Leadership team member Hannah Moverman, 36, calls the Riverway Project “a really unique, very vibrant community within the community” of Temple Israel.
Through its weekly social, political and religious activities, its monthly Shabbat services and its annual High Holiday celebrations, Oberstein estimates Riverway engages about 1,500 young adults per year. That number is impressive, given that Temple Israel has about 1,300 member families in total.
“The really incredible thing is, even though conventional wisdom seems to be telling us that young people don’t want to join synagogues and prefer to not affiliate, the majority of new members at Temple Israel are coming in through the Riverway Project,” he says.
And it’s not simply people who age out of Riverway and then join TI. “It’s not a feeder in that way,” Oberstein says. “The majority of new members of Temple Israel are people in their 20s and 30s without kids, who are hungry for intergenerational connection and have seen the power of a synagogue and what it can mean, even at this life stage.”
TI started Riverway 25 years ago to attract congregants who are neither families with young children nor older adults. “So many people are Jewishly engaged in college, and then there’s this gap of time where people feel like, ‘Well, until I have children to put into the preschool, why should I be a part of a synagogue?’” notes Oberstein.
Riverway’s approach is to embrace the diversity of the Jewish millennial and Gen Z community.
“Our big thing is inclusivity,” Moverman says. “Promoting a home for people who might not have another Jewish space: Jews by choice, Jews of color, LGBTQ Jews, anybody who identifies as Jewish in any way.”
Member Amanda McFarland exemplifies the Riverway Project ethos. A queer Jew by choice, she was in the process of converting and was looking for community.
“Especially as someone who was coming into Judaism and didn’t have a family connection or anything like that,” she says. “Rabbi Andrew was my sponsoring rabbi, and he said, ‘You know, you should really come to Riverway. I think you’ll like it.’ I was very nervous, so it took me a couple months to get the courage to come in; but I came in and I just immediately felt so welcome.”
That was four years ago.
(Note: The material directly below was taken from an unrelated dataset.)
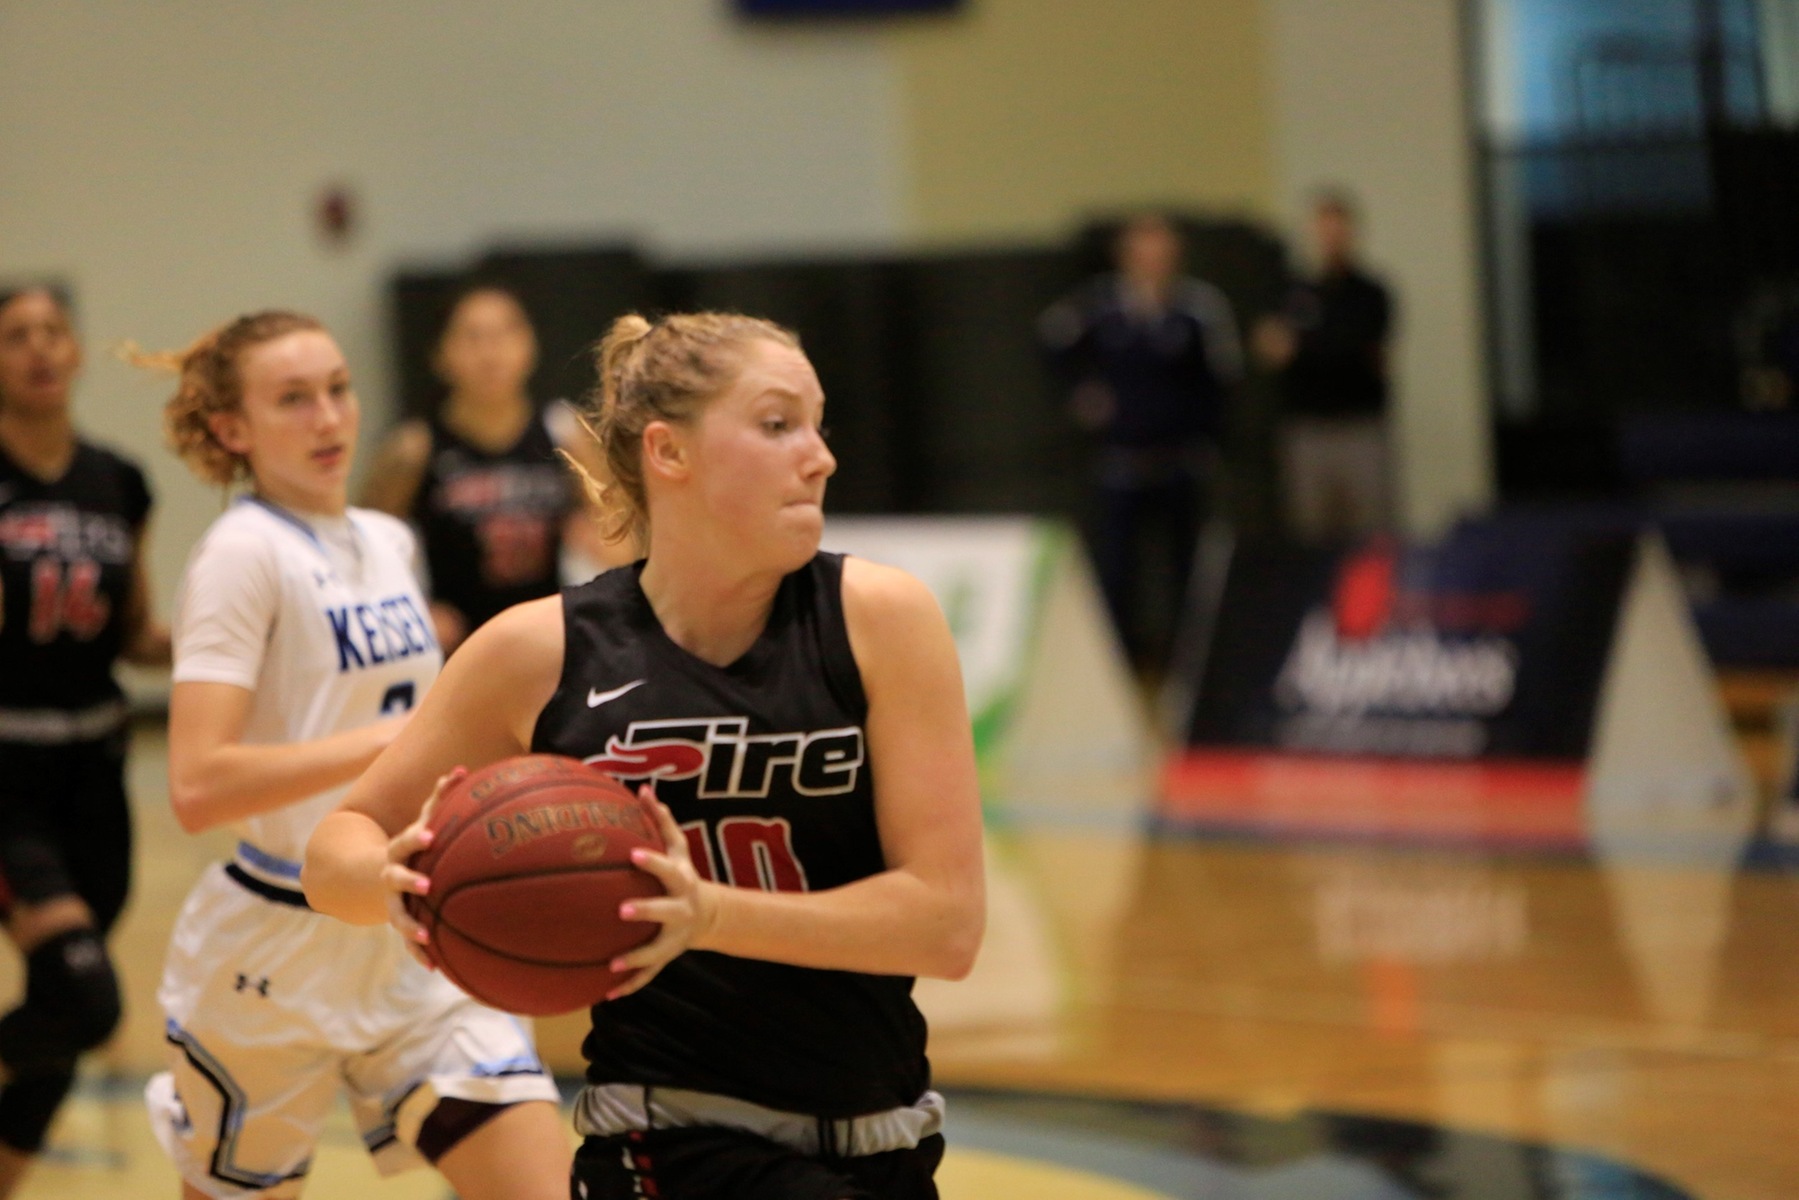 NAIA Division II Women's Basketball National Player of the Week - No. 10

Last year, McFarland was so enthralled with the community she found at Riverway that she joined the leadership team as its tzedek chair, which has led to even more gratifying experiences.
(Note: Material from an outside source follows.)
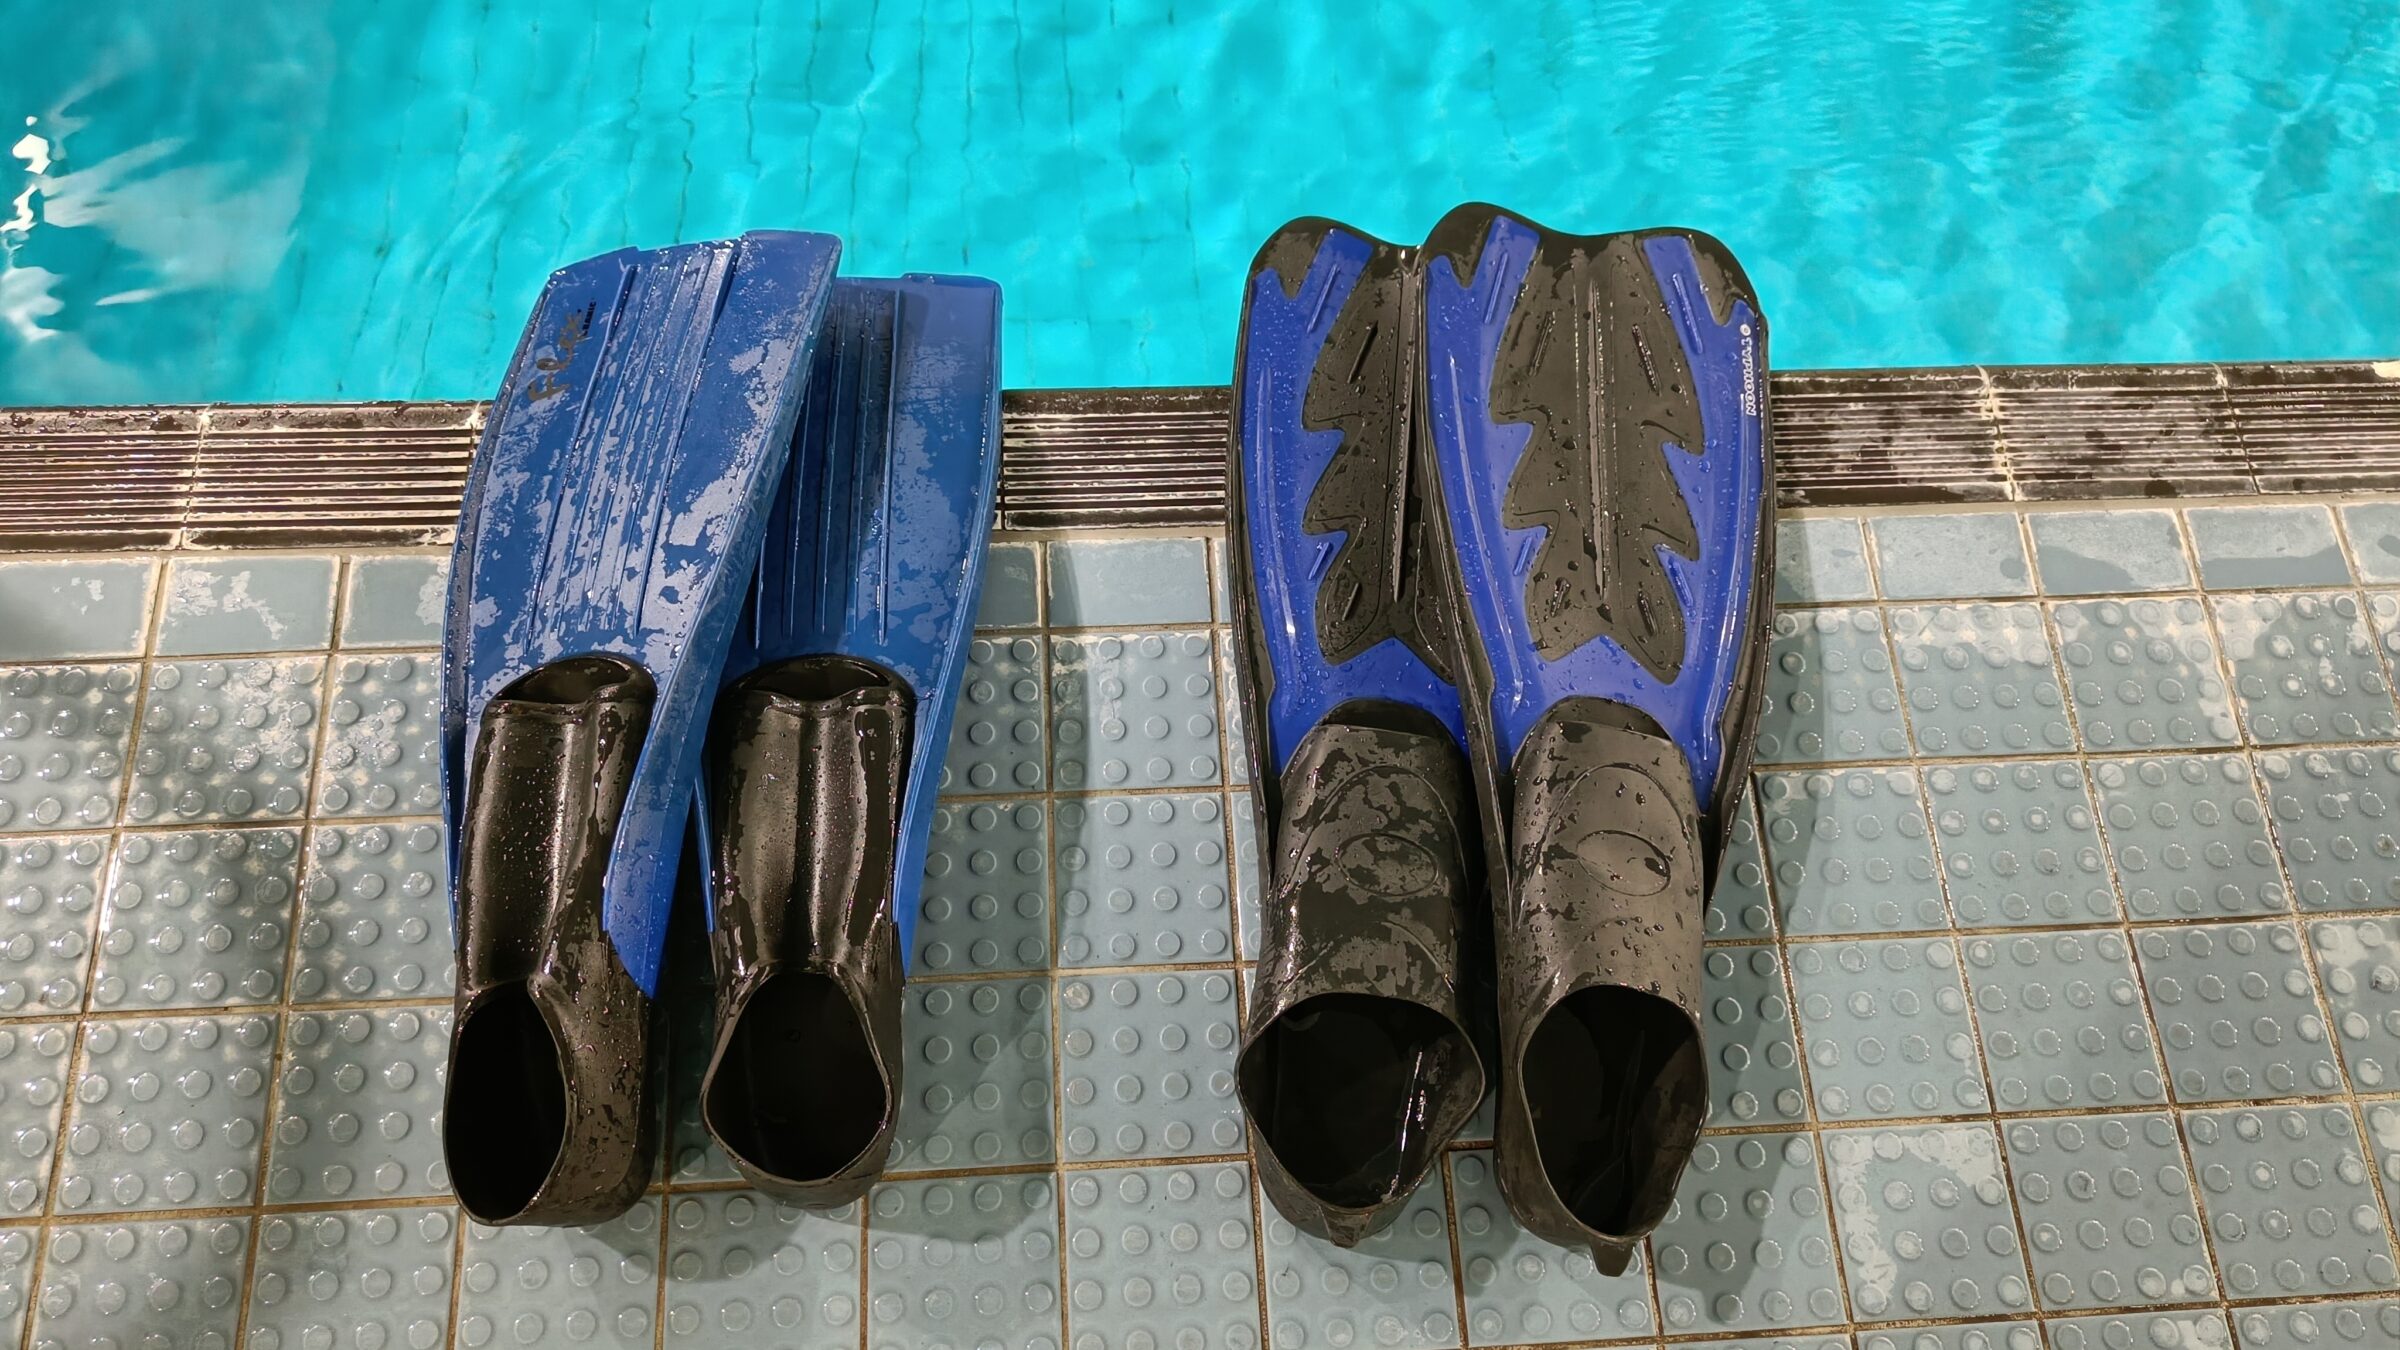 Two pairs of fins ready on the poolside

“I’ve been able to really build a connection between the Riverway community and our larger justice community at Temple Israel, and it’s just been such a great place,” she says. “I feel like I’ve brought people there who are, maybe, either like me – who were in the conversion process – or friends who maybe went to Hebrew school or did their bar/bat mitzvah and then never interacted again with a temple environment.”
As is common among this cohort of American Jews, there is a broad range of opinion about Israel; yet the Oct. 7, 2023 Hamas attack has underscored the diversity of accepted political opinion among Riverway members.
McFarland acknowledges that while some people left the group because they felt it was too Zionist or not Zionist enough, most Riverway members agree on the values of justice and the sanctity of life.
“We’re able to actually talk about them in a way that feels almost impossible in other spaces,” she says. “I don’t know how we’re doing that, but I really just think that people come to Riverway to be together, and they come to Riverway because they resonate with the values of Riverway: assuming the best, assuming that people care.
“It’s allowed us to have really productive conversations around really difficult issues that we’re facing as a whole community.”